Validation Suite

The ValidationSuite is the top-level entry point for running data-quality checks. It collects one or more Check objects and executes them against a DataFusion table.

Creating a Suite

There are two ways to create a suite:

Fluent API (recommended)

from datafusion import SessionContext
from qualink.core import ValidationSuite

ctx = SessionContext()
ctx.register_csv("users", "users.csv")

result = await (
    ValidationSuite()
    .on_data(ctx, "users")
    .with_name("My Suite")
    .add_check(check1)
    .add_check(check2)
    .run()
)

Builder Pattern

builder = ValidationSuite.builder("My Suite")
builder.on_data(ctx, "users")
builder.add_check(check1)
builder.add_checks([check2, check3])
result = await builder.run()

Configuration Options

.with_name(name: str)

Set the suite name, which appears in reports and logs.

.on_data(ctx: SessionContext, table_name: str)

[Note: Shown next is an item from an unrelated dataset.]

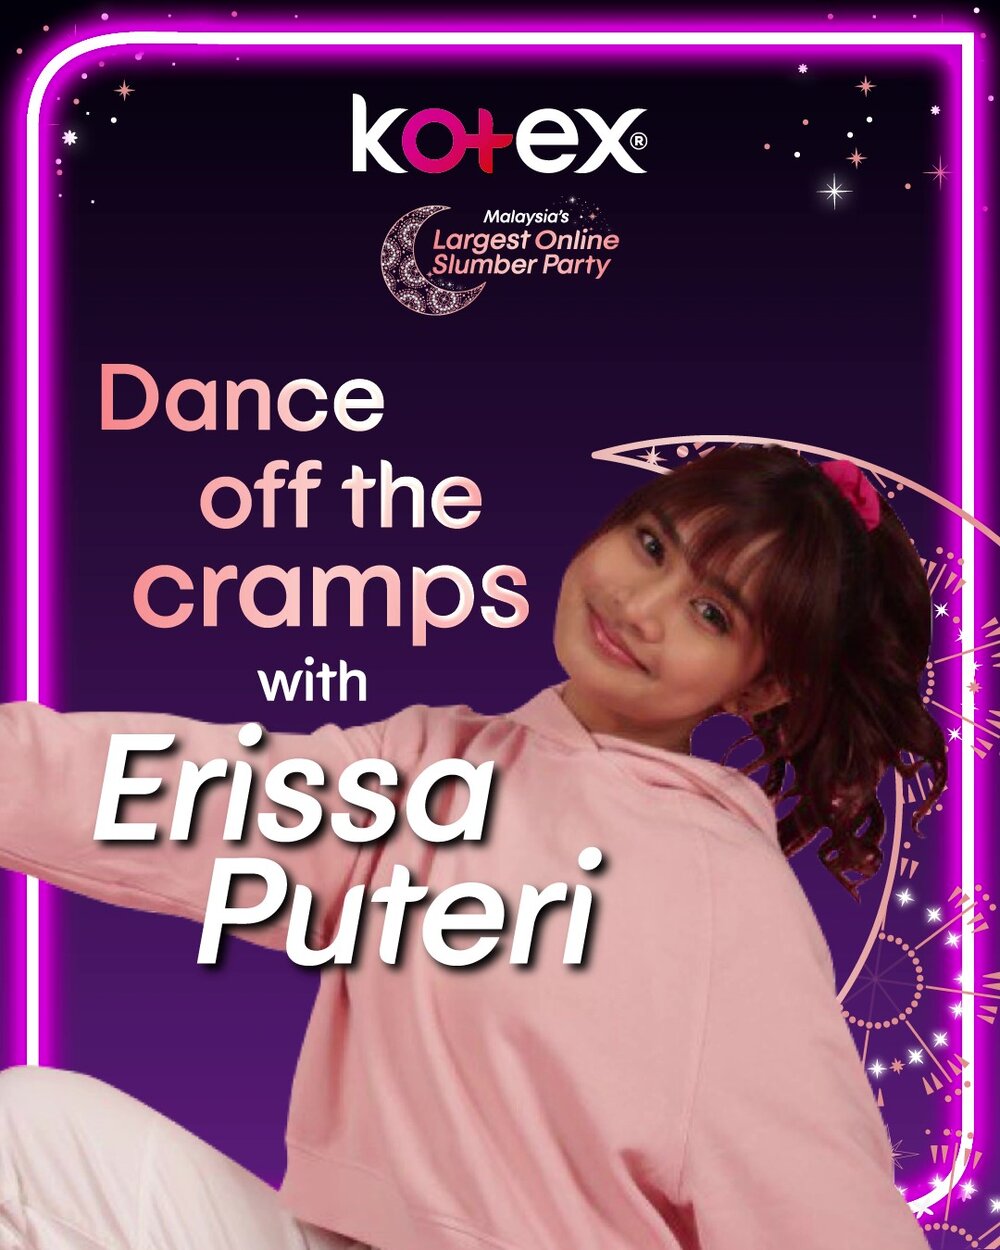 Kotex Slumber Party Poster- Dance Off The Cramps with Erissa.jpg

Bind the suite to a DataFusion session context and table.

.add_check(check: Check)

Add a single check to the suite.

.add_checks(checks: list[Check])

Add multiple checks at once.

.run_parallel(enabled: bool = False)

Enable or disable concurrent check execution. When True, all checks run concurrently via asyncio.gather.

result = await (
    ValidationSuite()
    .on_data(ctx, "users")
    .run_parallel(True)
    .add_check(check1)
    .add_check(check2)
    .run()
)

ValidationResult

The .run() method returns a ValidationResult with:

Property Type Description
success bool True if no ERROR-level constraints failed
status str "Success", "Warning", or "Error"
report ValidationReport Detailed metrics, results, and issues

ValidationReport

Property Type Description
suite_name str Name of the suite
metrics ValidationMetrics Aggregate pass/fail counts
check_results dict[str, list] Per-check constraint results
issues list[ValidationIssue] Failed constraint details

ValidationMetrics

Property Type Description
total_checks int Number of checks
total_constraints int Number of constraints evaluated
passed int Constraints that passed
failed int Constraints that failed
skipped int Constraints skipped
error_count int Failures at ERROR level
warning_count int Failures at WARNING level
pass_rate float passed / (passed + failed)

Printing the Result

print(result)

Produces:

Validation PASSED: My Suite
  Checks: 2 | Constraints: 5
  Passed: 4 | Failed: 1 | Skipped: 0
  Issues:
    [warning] Data Quality / Completeness(name): ...